Uma delas agradecendo com fraternal pormenor
o envio que lhe fizera de livros meus. A
outra, que carreava a oferta de um seu catálogo-livro, era mais extensa e nela
se alongava em reflexões de índole pessoal norteadas por uma comovente
humildade de verdadeiro fabro, de hacedor
sem jaça, sem prosápia (como a que enroupa certos cavalheiros de mão
romba que se creem irmãos de predestinados pelas deusas da paleta) – ele que é
indiscutivelmente entre nós um dos melhores desenhadores deste tempo, senhor de
uma imaginação transbordante e fecunda que lhe permitiu navegar, como diria
Péret, “sem norte e sem estrela através
das tempestades, rumo aos areais rumorejantes de ágatas onde brilha o olhar
provocante das opalas”.
Elas trouxeram-me de pronto à recordação uma
certa tarde, cerca de 50 anos antes, em que o conheci, nos conhecemos, numa
galeria de pintura, no decorrer da inauguração de uma mostra de um autor que já
não lembro quem teria sido. O que não esqueci, ao ser-me apresentado por um
colega de veraneio, foi a sua figura de fino recorte: um senhor esbelto de
indumentária em cinzento claro, camisa azul marinho, cabelo grisalho acentuando
uma delicadeza bem espalhada nuns olhos perscrutadores e abertos numa espécie
de sonhadora atenção.
Conversámos seu bocado e, sem me lembrar de
muitos pormenores, apenas guardei que faláramos de surrealismo, de pintura e de
como e porque razão me encontrava eu ali.

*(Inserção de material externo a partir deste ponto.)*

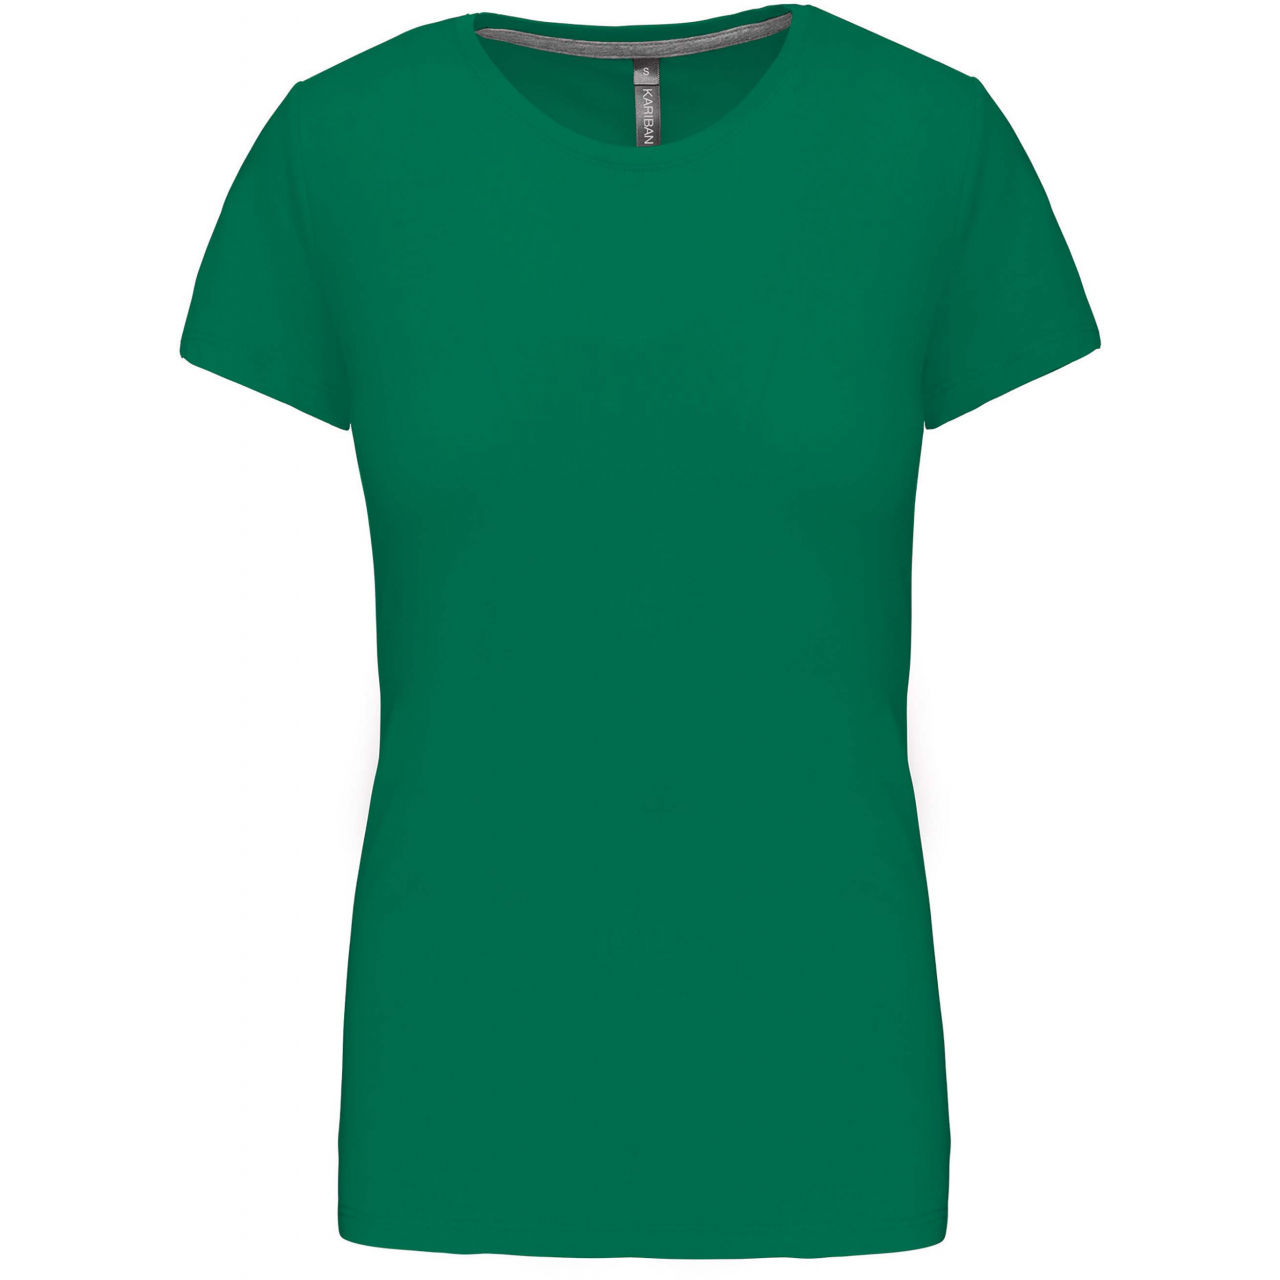 Dámské tričko Kariban s krátkým rukávem - zelené, XL

E estivemos algumas décadas sem contactarmos
de novo. Embora eu fosse tendo, como ele decerto em relação a mim, notícias do
seu trajecto, da sua demanda, ele que com Mário Cesariny e António Maria Lisboa
– Pedro Oom era de uma outra dimensão, ainda que paralela – constituíam a
trilogia que, no surrealismo em português, sentia que estava mais perto da
minha própria caminhada.
Notícias essas dadas ora por um filho meu,
ora por um comum amigo, ora pelos periódicos que até mim chegavam.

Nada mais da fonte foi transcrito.